後文中，將描述時域信號之另一種開窗及另一種定框。In the following, another windowing and another frame of the time domain signal will be described.

至目前為止之敘述中，於施加時域編碼及解碼後，時域信號被視為只開窗一次。此種開窗程序也可分成二階段，一階段係在時域編碼前，而一階段係在時域編碼後。此點舉例說明於第25圖自AAC-ELD變遷至時域編解碼器。In the description so far, after applying time domain encoding and decoding, the time domain signal is considered to be window only once. This windowing procedure can also be divided into two phases, one phase before the time domain coding and one phase after the time domain coding. This point illustrates the transition from AAC-ELD to the time domain codec in Figure 25.

第25圖顯示時域信號之另一種開窗及另一種定框之線圖表示型態。橫座標2510描述以音訊樣本表示之時間，及縱座標2512描述(標準化)窗值。第25圖顯示LD-MDCT分析窗值2520a-2520e、LD-MDCT合成窗2530a-2530d、用於時域編解碼器之前開窗之分析窗2542、用於時域編解碼器之後TDA疊頻/展頻及開窗之合成窗2552、用於時域編解碼器後第一MDCT之分析窗2562，及用於時域編解碼器後第一MDCT之合成窗2572。Figure 25 shows another windowing of the time domain signal and a line graph representation of another frame. The abscissa 2510 describes the time represented by the audio sample, and the ordinate 2512 describes the (normalized) window value. Figure 25 shows the LD-MDCT analysis window value 2520a-2520e, the LD-MDCT synthesis window 2530a-2530d, the analysis window 2542 for windowing before the time domain codec, and the TDA overlap frequency for the time domain codec/ A synthesis window 2552 of spread spectrum and windowing, an analysis window 2562 for the first MDCT after the time domain codec, and a synthesis window 2572 for the first MDCT after the time domain codec.

第25圖也顯示時域編解碼器之定框的替代之道。

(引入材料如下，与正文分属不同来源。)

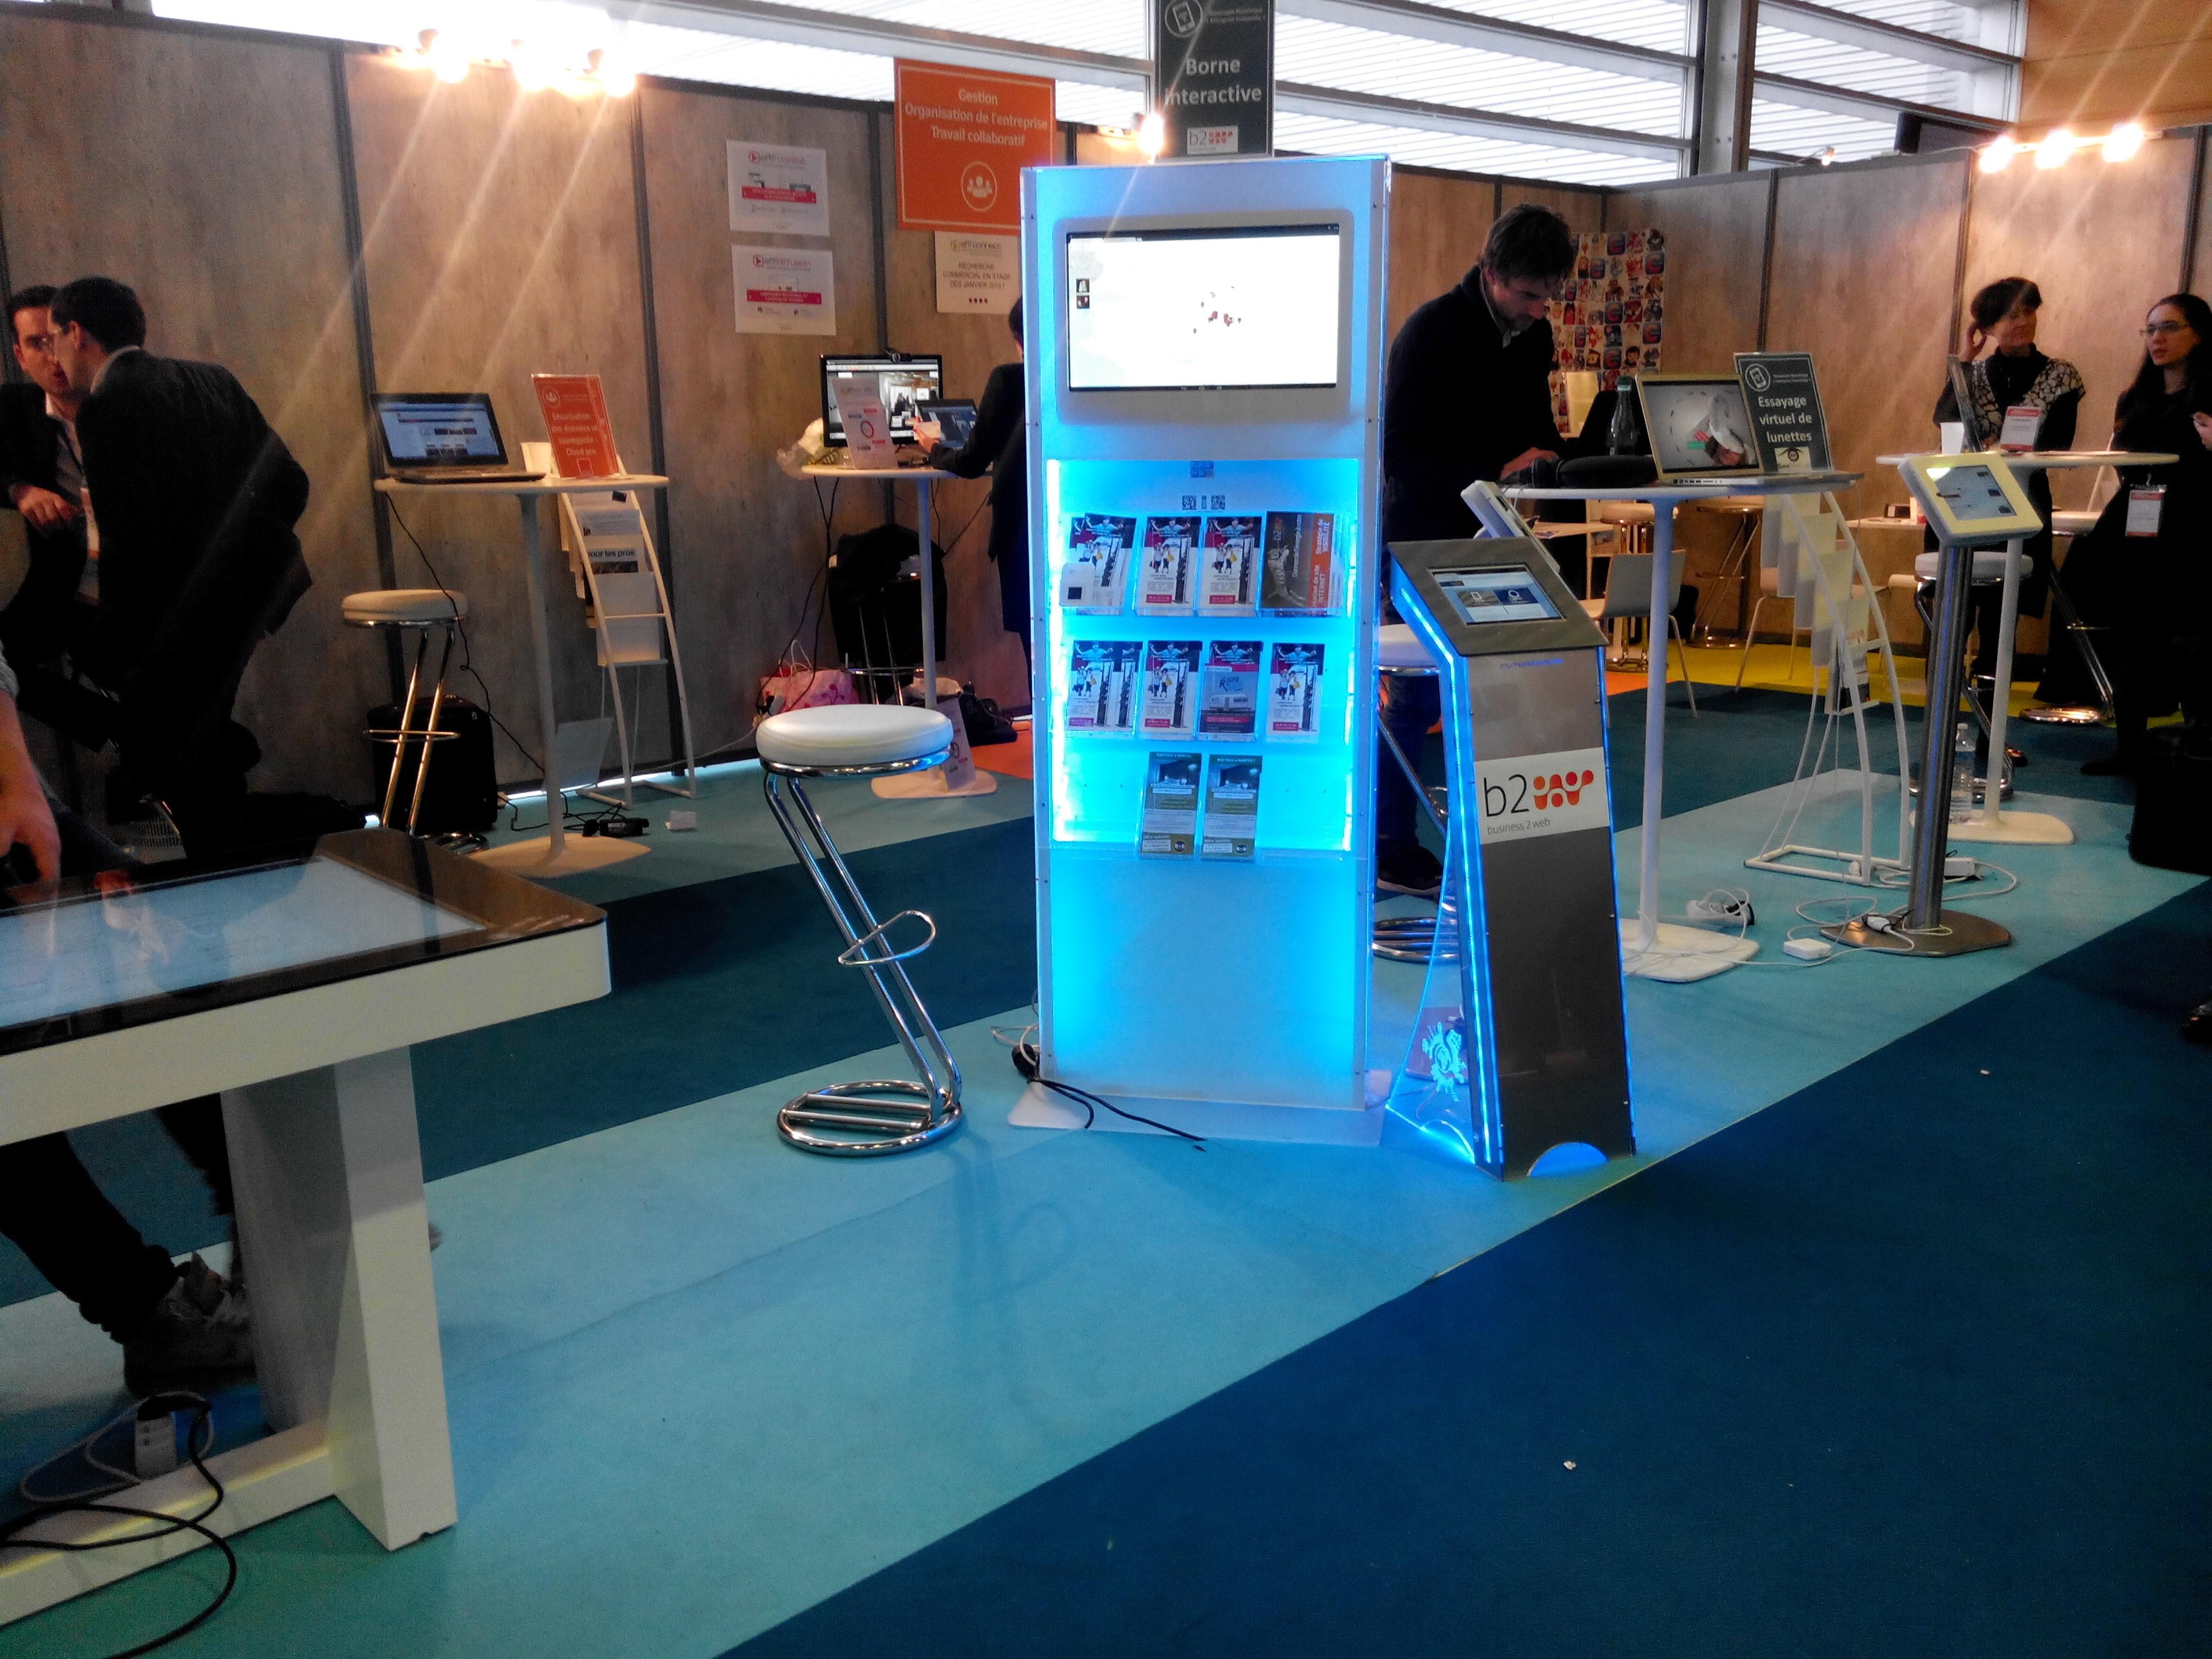 prise de vue du salon des entrepreneurs 2014 à nantes avec au premier plan la borne numérique infos-tourisme

於時域編解碼器，全部訊框可具有相等長度，而無需補償因變遷時非臨界取樣所導致遺漏的樣本。但然後需要MDCT編解碼器來藉具有比其它MDCT訊框更多頻譜值的時域編解碼器之後第一MDCT而補償(曲線2562及2572)。Figure 25 also shows an alternative to the framing of the time domain codec. In the time domain codec, all frames can be of equal length without compensating for missing samples due to non-critical sampling during transition. However, the MDCT codec is then required to compensate for the first MDCT after the time domain codec with more spectral values than the other MDCT frames (curves 2562 and 2572).

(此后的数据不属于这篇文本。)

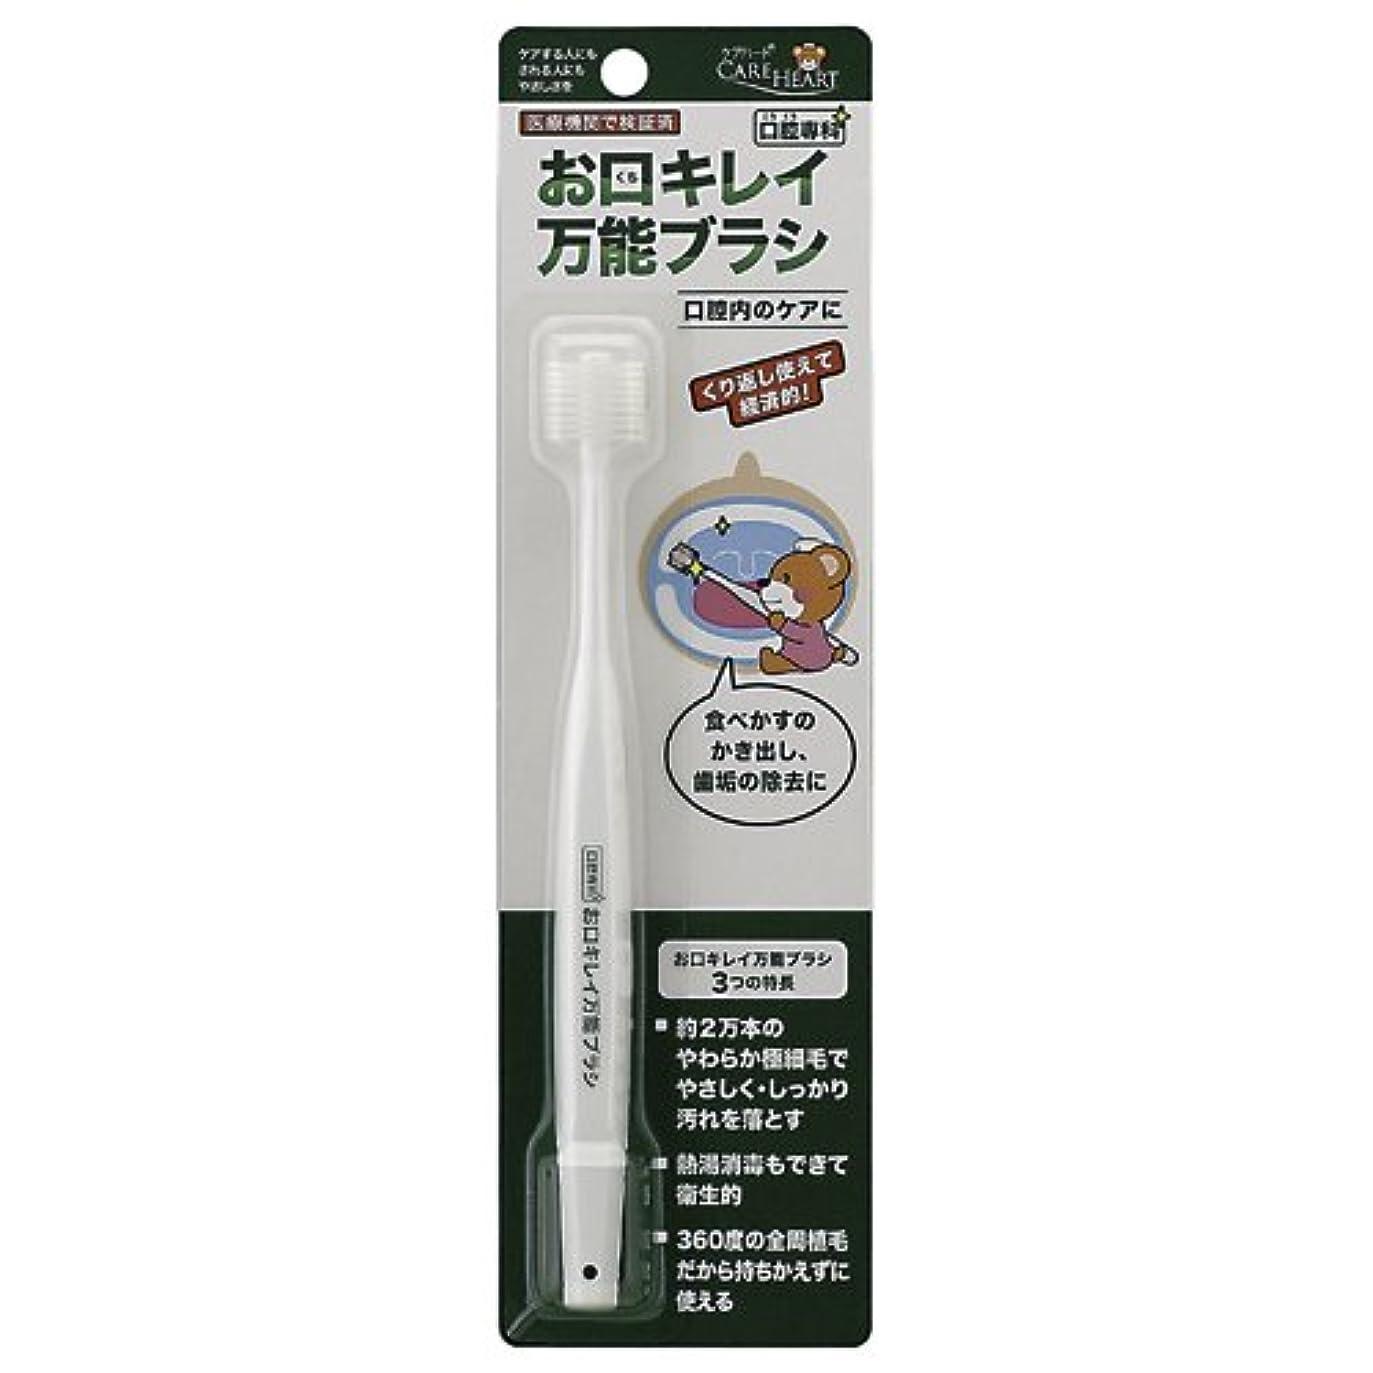 アコード反響する列挙するケアハート 口腔専科 お口キレイ万能ブラシ

總體而言，第25圖顯示之此種替代之道使得編解碼器極為類似統一語音及音訊編碼編解碼器(USAC編解碼器)，但具有遠較低的延遲。Overall, Figure 25 shows that this alternative makes the codec very similar to the unified voice and audio codec (USAC codec) ), but with a much lower latency.

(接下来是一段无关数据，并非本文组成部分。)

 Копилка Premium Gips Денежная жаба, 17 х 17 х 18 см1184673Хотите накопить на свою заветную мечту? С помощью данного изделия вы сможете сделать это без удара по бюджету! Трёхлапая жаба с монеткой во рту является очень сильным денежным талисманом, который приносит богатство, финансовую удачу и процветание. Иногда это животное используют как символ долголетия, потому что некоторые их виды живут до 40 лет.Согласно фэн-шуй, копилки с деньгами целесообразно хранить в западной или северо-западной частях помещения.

此種替代之道之額外小量修正係藉矩形變遷來替代自時域編解碼器開窗變遷至AAC-ELD(曲線2542、2552、2562、2572)，當自ACELP進入TCX時係於AMR-WB+進行。於使用AMR-WB+作為「時域編解碼器」之編解碼器，如此也表示於ACELP訊框後，並無自ACELP直接變遷至AAC-ELD，反而經常性有TCX訊框介於其間。藉此方式，消除由於此項特殊變遷所導致的可能額外延遲，整個系統具有低抵AAC-ELD延遲之延遲。此外，如此使得切換更具可撓性，原因在於於語音狀信號之情況下，有效切換回AAC-ELD比較自AAC-ELD切換至ACELP更有效，原因在於ACELP及TCX共享相同LPC濾波。An additional small amount of correction for this alternative is to replace the self-time domain codec window transition to AAC-ELD (curves 2542, 2552, 2562, 2572) by the rectangular transition, and to AMR when entering the TCX from ACELP. WB+ is carried out. In the use of AMR-WB+ as the codec of the "Time Domain Codec", this also means that after the ACELP frame, there is no direct transition from ACELP to AAC-ELD, but there are often TCX frames in between. In this way, the possible extra delay due to this particular transition is eliminated, and the overall system has a low delay to AAC-ELD delay. Moreover, this makes the switching more flexible because in the case of voice-like signals, efficient switching back to AAC-ELD is more efficient than switching from AAC-ELD to ACELP because ACELP and TCX share the same LPC filtering.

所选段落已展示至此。